- Task brief: With the pictures left aside, write out exactly the lines of the listing below from the line with "Eduard 1/48 Messerschmitt" to the line with "Vintage sign for", both included, and only those.

##### Information

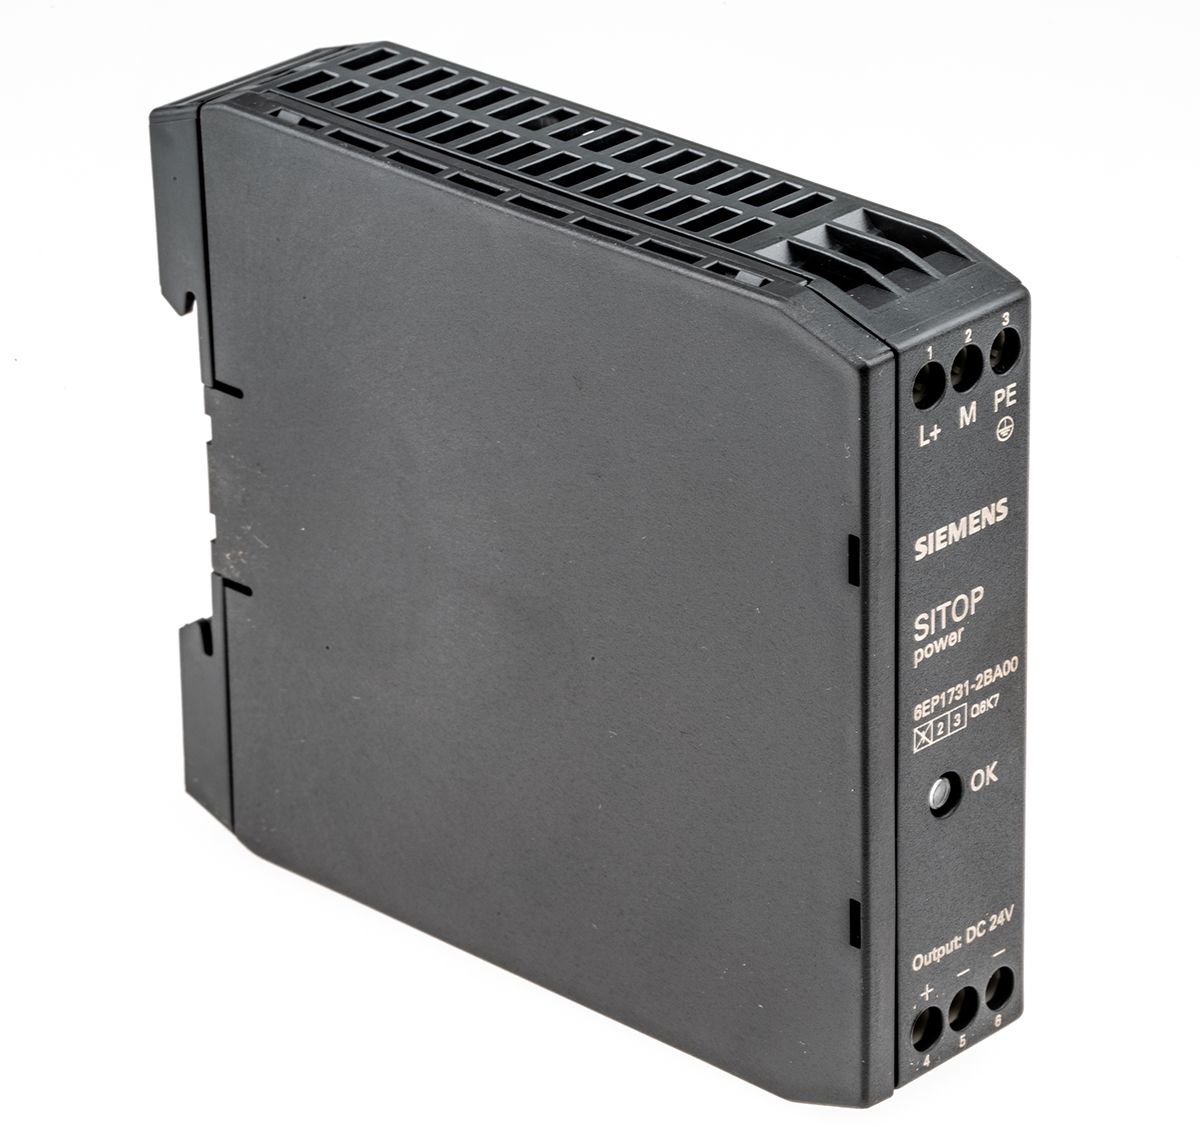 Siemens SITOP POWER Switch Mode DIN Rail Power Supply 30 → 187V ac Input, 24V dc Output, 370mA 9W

##########
##### Information

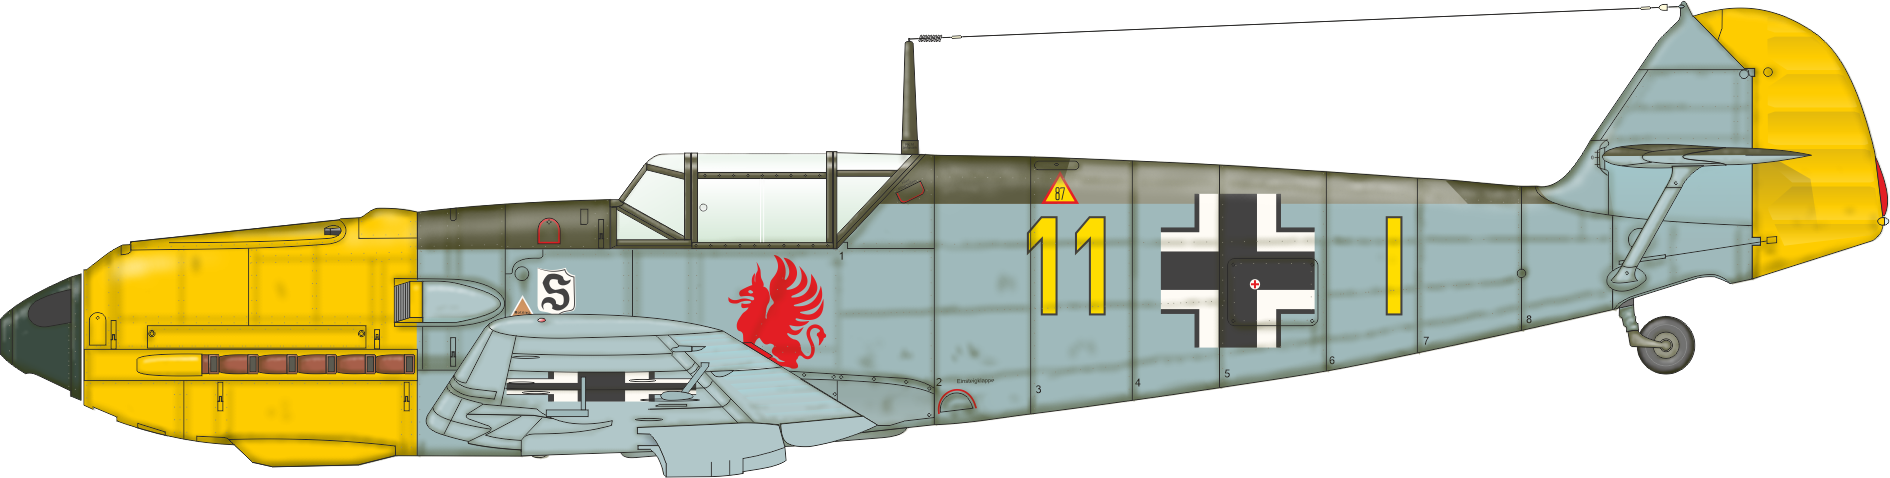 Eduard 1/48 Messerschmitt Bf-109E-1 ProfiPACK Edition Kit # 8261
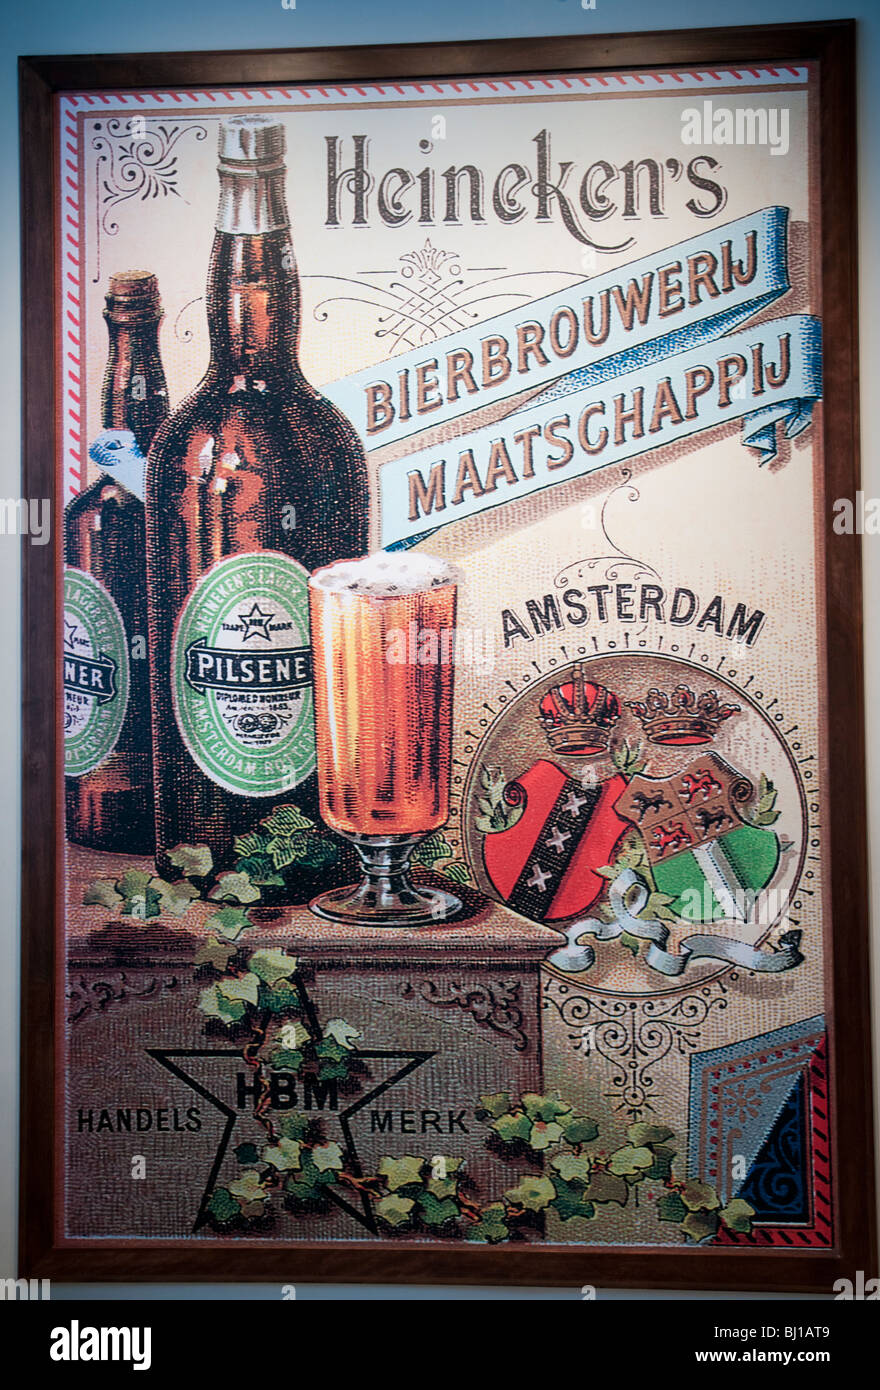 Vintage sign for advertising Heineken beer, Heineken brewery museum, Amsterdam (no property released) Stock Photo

##########

- Answer section:
 Eduard 1/48 Messerschmitt Bf-109E-1 ProfiPACK Edition Kit # 8261
 Vintage sign for advertising Heineken beer, Heineken brewery museum, Amsterdam (no property released) Stock Photo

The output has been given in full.